Делать нечего — ему не привыкать ставить на кон свою шкуру. Киммериец стоял, вжавшись в скалу сбоку от двери, неподвижный как статуя, а между тем мысль о Нанайе, о том, где она сейчас, что с ней, буквально сводила его с ума.

Так минул час. Конан готов был потерять последнее терпение, как вдруг послышался лязг засовов, и дверь чуть приоткрылась.

Кто-то смотрел в узенькую щелку, желая, как видно, удостовериться, что ужасного стража лабиринта нет поблизости. Секунды тянулись мучительно медленно. Вновь заскрипели шарниры, дверь открылась, и из нее появился человек, в руке он держал большую медную чашу с овощами и фруктами. Джезмит наклонился, чтобы поставить чашу, и, вдруг заметив тень у стены, удивленно вскрикнул. Но поздно: варвар взмахнул кинжалом, и человек повалился на камни — вниз по ущелью катилась голова.

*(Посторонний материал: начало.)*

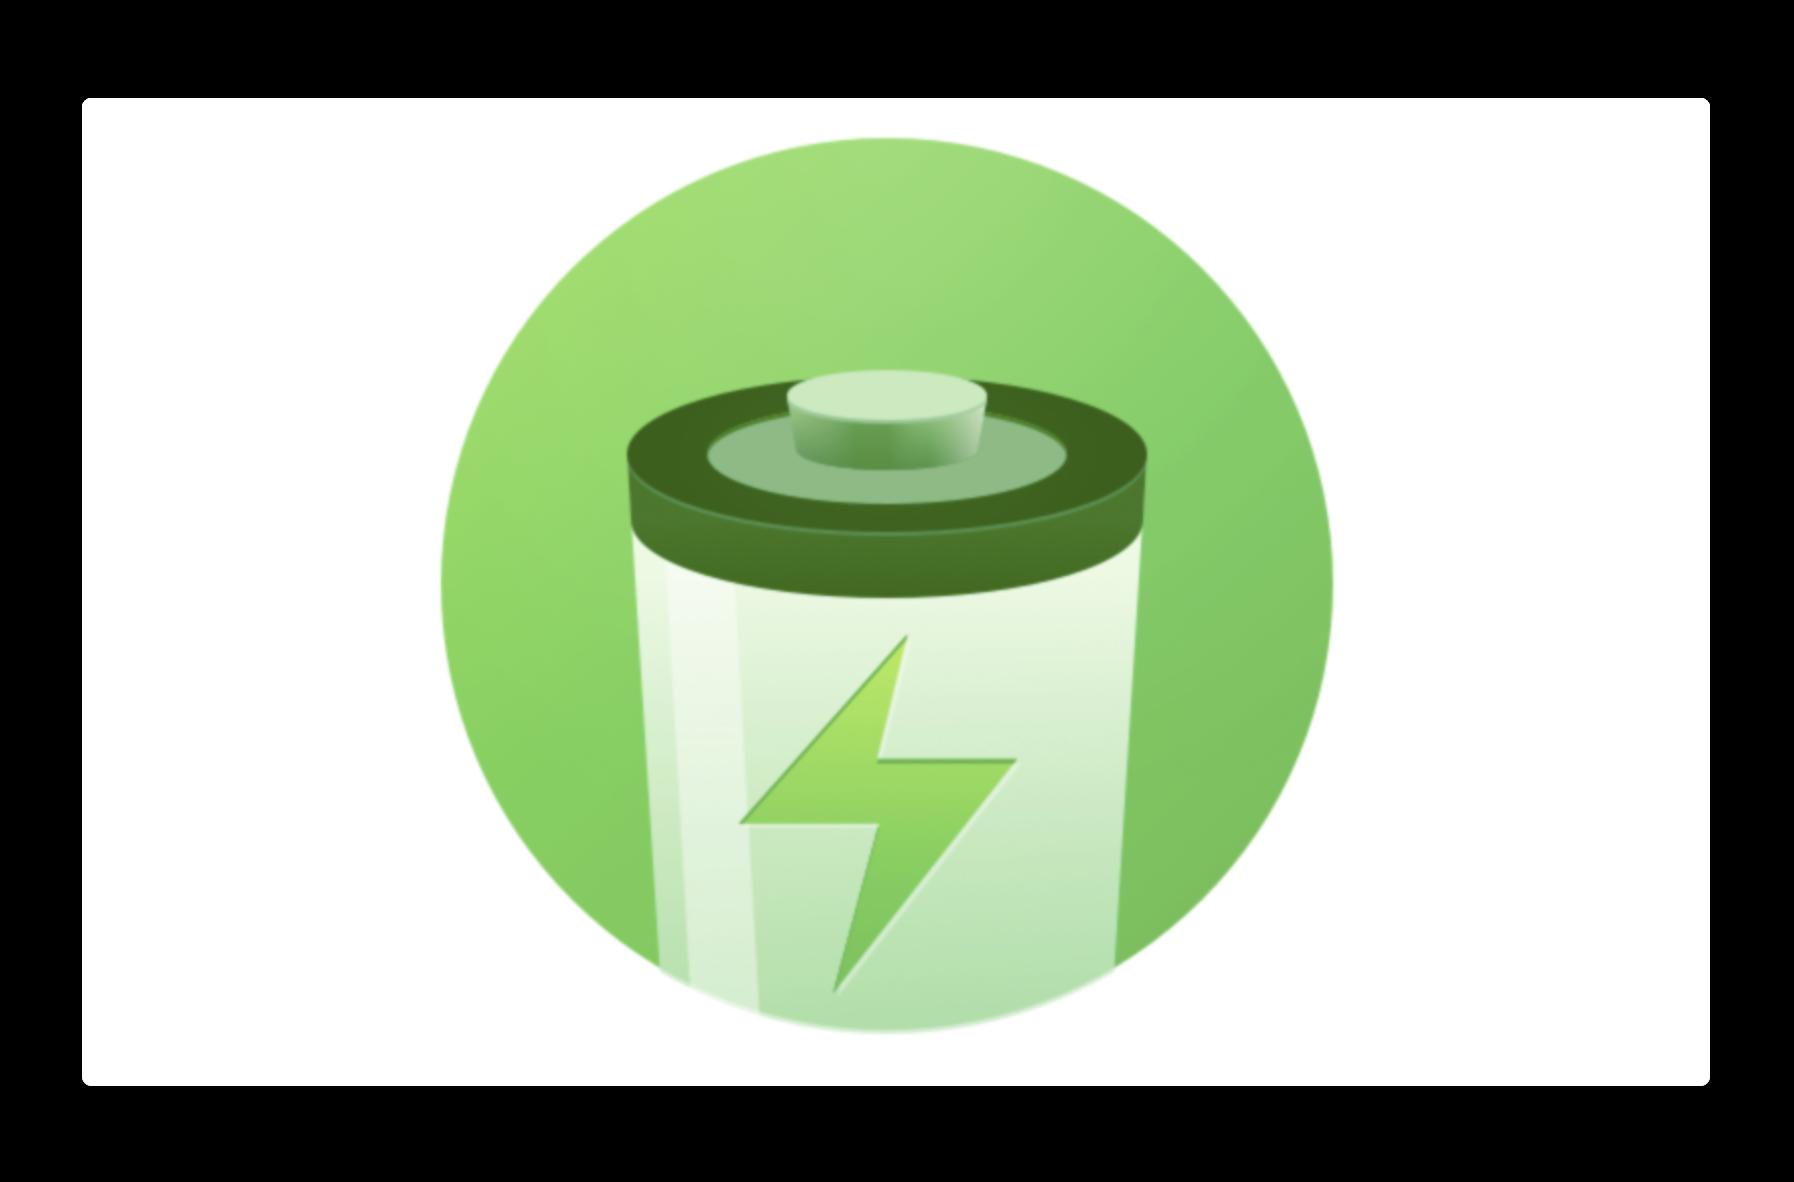 MacBookの無料のバッテリーモニターアプリ「Dr. Battery」がリリース

Заглянув в открытую дверь, Конан увидел пустом коридоре пустые камеры-клетки. Тогда он подхватил обезглавленное тело под мышки и, оттащив от стены, спрятал среди обломков скал.

Затем он вернулся, вошел в коридор и, закрыв за собой дверь, аккуратно наложил засовы. С кинжалом в руке, весь настороже, Конан пошел к потайной двери, ведущей в туннель и дальше — к лестнице. Там он укроется. Правда, его с Нанайей могут обнаружить, но в таком случае они забаррикадируются в коридоре с камерами и до подхода друзей будут держать оборону здесь… если, конечно, друзья вообще когда-нибудь подойдут.

Но не успел киммериец приблизиться к потайной двери, как услышал у себя за спиной скрип шарниров. Конан круто развернулся — дверь на другом конце коридора медленно приоткрывалась. Варвар стремительно бросился к проему, в котором уже показался стражник.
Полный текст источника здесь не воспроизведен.